Avanço do atacarejo enfraqueceu modelo dos hipermercados

O enfraquecimento do hipermercado aconteceu de forma gradual e silenciosa, sem um único erro capaz de explicar sozinho por que o modelo perdeu espaço dentro da nova dinâmica do varejo brasileiro.

À medida que o consumidor encontrou alternativas mais adequadas para diferentes tipos de compra, o hipermercado deixou de ocupar a posição central que manteve durante os anos 1990 e início dos anos 2000.

Para abastecer a casa, o atacarejo passou a oferecer preços competitivos e operação mais enxuta, enquanto supermercados menores e lojas de bairro ganharam força nas compras rápidas do cotidiano.

No segmento de eletrônicos, eletrodomésticos e itens de maior valor agregado, marketplaces e varejistas digitais ampliaram a comparação de preços e reduziram a dependência da loja física tradicional.

Como consequência, o hipermercado perdeu parte do apelo que antes justificava grandes deslocamentos, já que a conveniência deixou de significar reunir tudo no mesmo prédio e passou a envolver rapidez, proximidade e economia.

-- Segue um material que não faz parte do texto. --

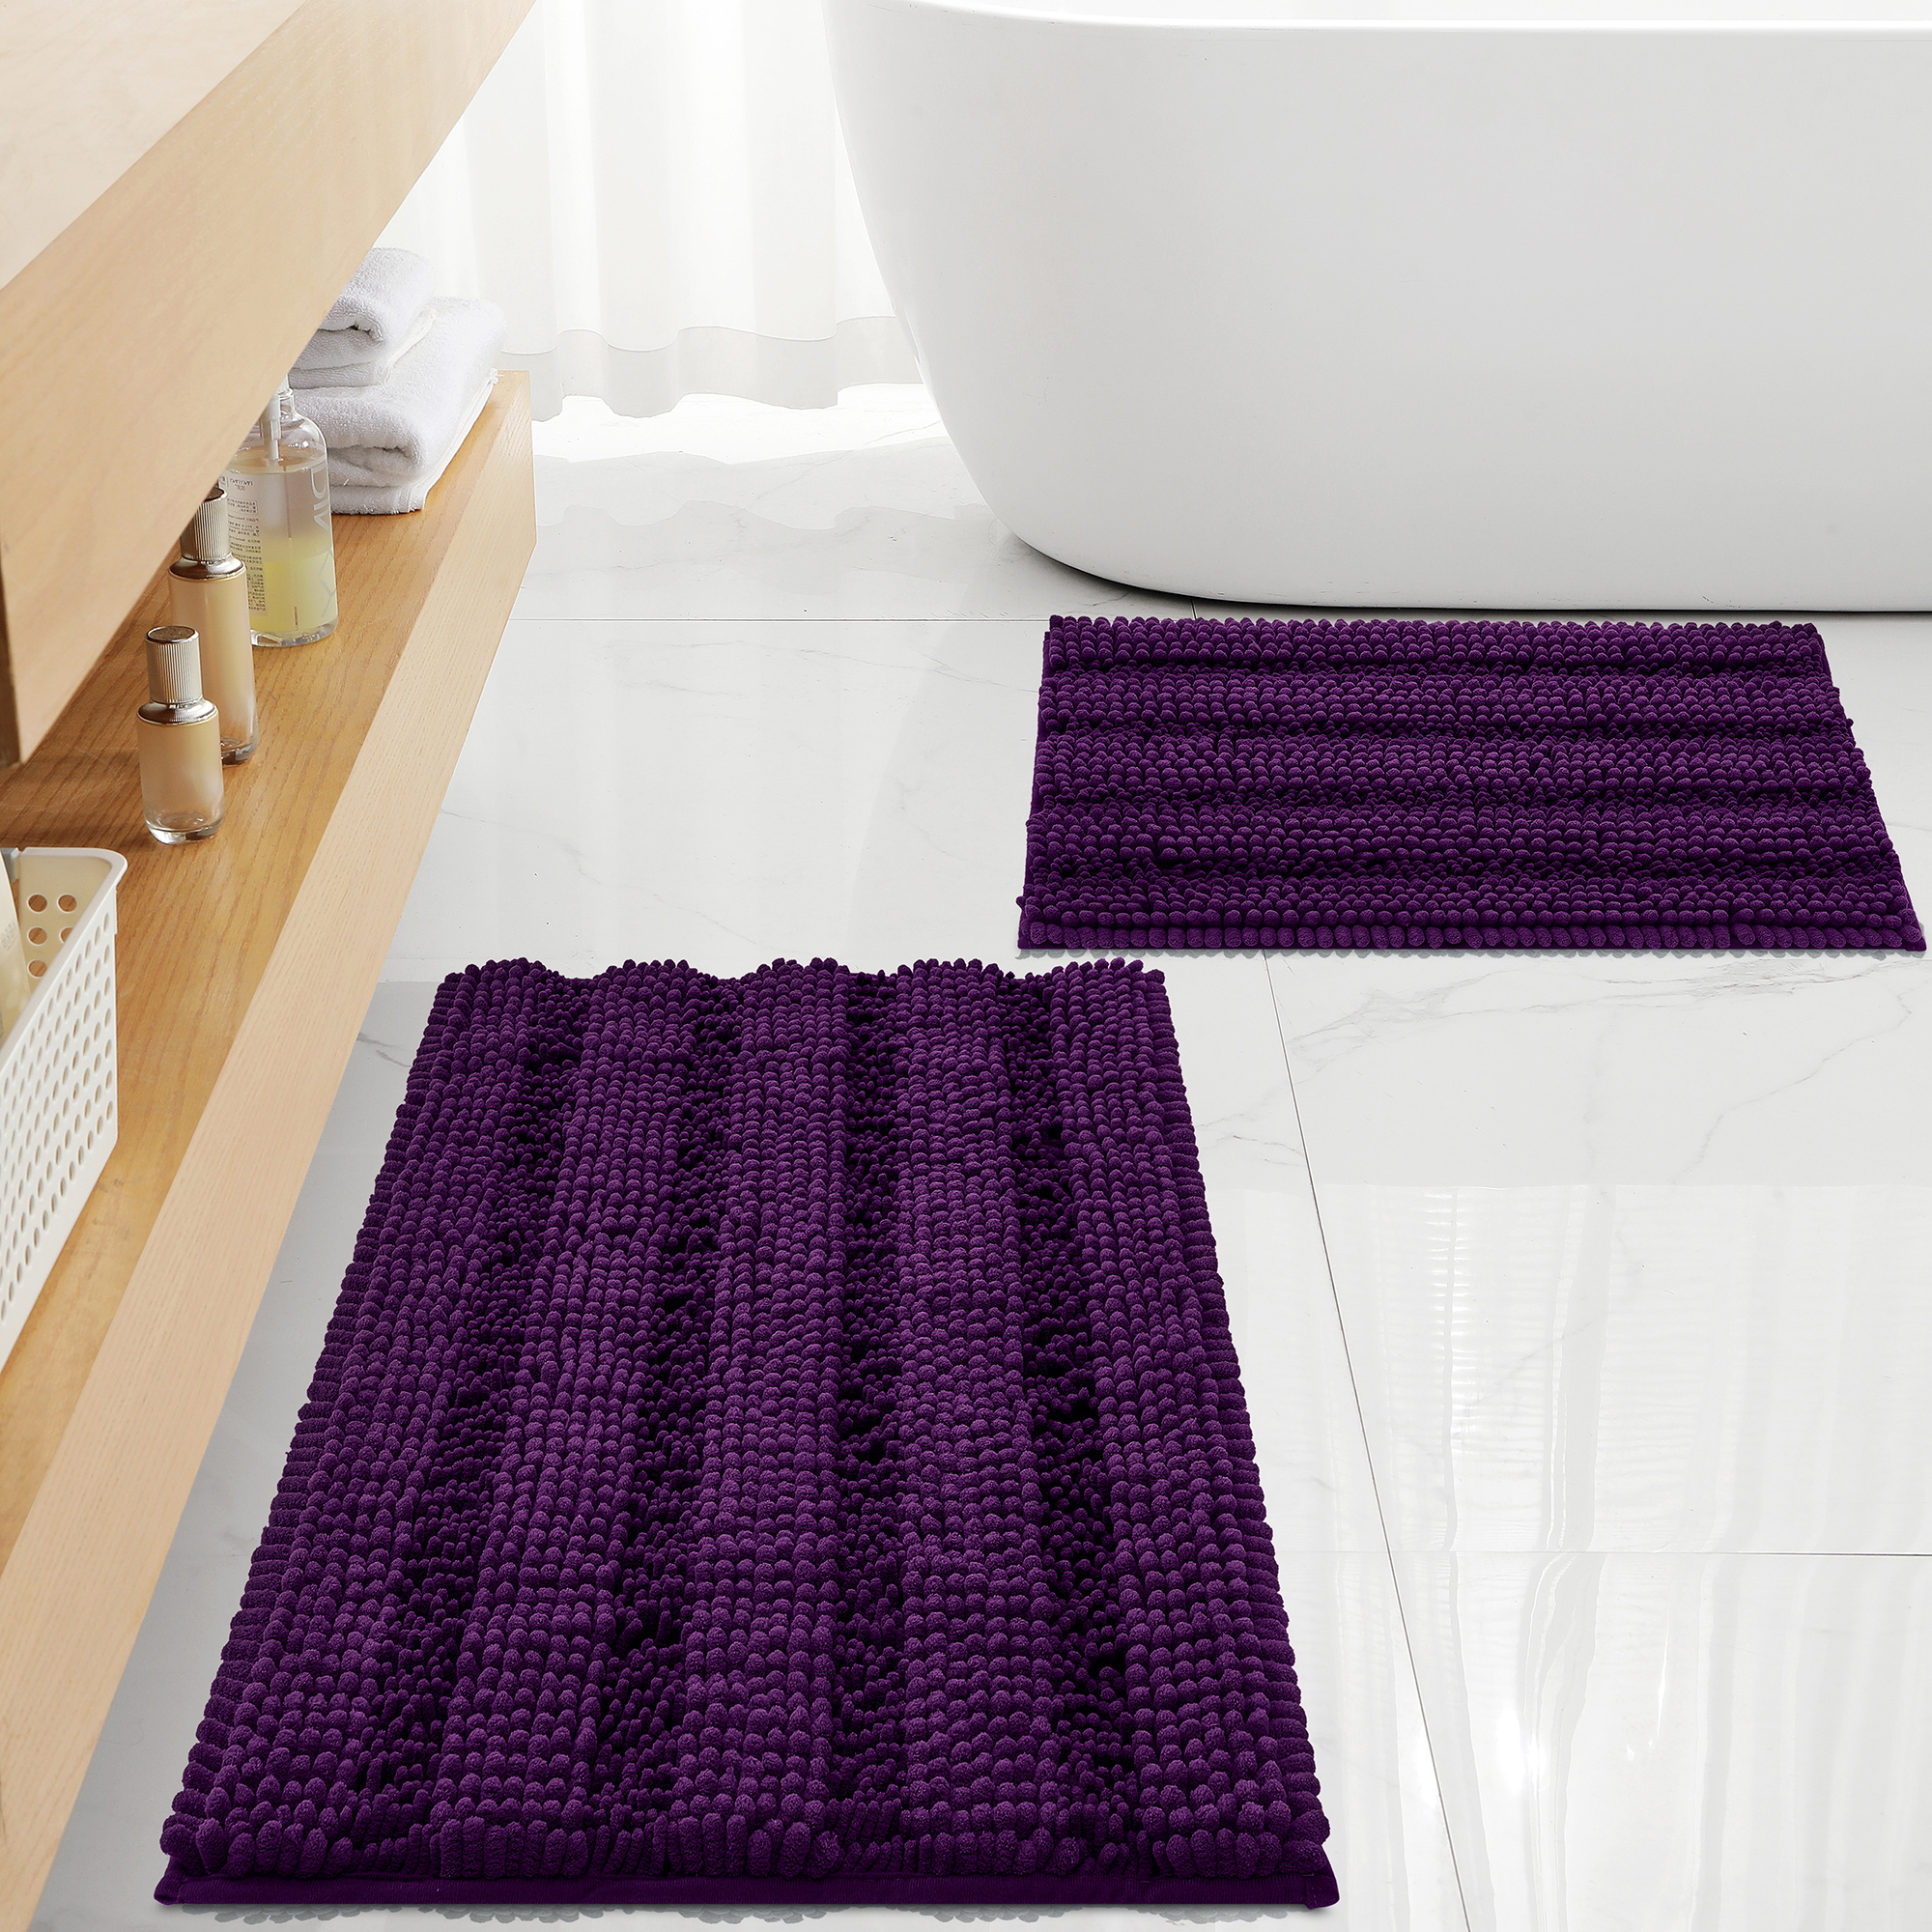 MAYSHINE Bathroom Rug Toilet Sets and Shaggy Non Slip Machine Washable Soft Microfiber Bath Contour Mat (Plum, 32x20 / 20x20 Inches U-Shaped), Purple

O Assaí foi um dos principais beneficiados dessa mudança.

A rede, que havia sido separada do GPA em cisão concluída em 2021, já crescia no atacarejo e encontrou nas antigas lojas do Extra uma oportunidade de expansão rápida.

As conversões mostraram por que os endereços eram valiosos.

Em 2023, o Assaí informou que as unidades convertidas vendiam múltiplos superiores ao antigo desempenho como hipermercados, com avanço relevante em faturamento após a mudança de formato.

O que aconteceu com a marca Extra após o fim do hipermercado

O fim atingiu especificamente o Extra Hiper, a bandeira de hipermercados.

O nome Extra continuou ligado a outros formatos e canais do GPA, como supermercados, minimercados e operação digital de alimentos.

Ainda assim, a parte mais simbólica da marca deixou de existir. O Extra que marcou época era o hipermercado de grandes áreas, corredores extensos, seções variadas e compra mensal concentrada em uma única visita.

A decisão do GPA mostrou que o valor daqueles pontos comerciais já não estava necessariamente na bandeira, mas na localização, na metragem e na capacidade de adaptação a um modelo mais rentável.

O caso também resume uma virada do varejo brasileiro. A loja gigante, que durante anos representou modernidade e abundância, foi substituída por formatos voltados a preço, eficiência operacional e maior giro de mercadorias.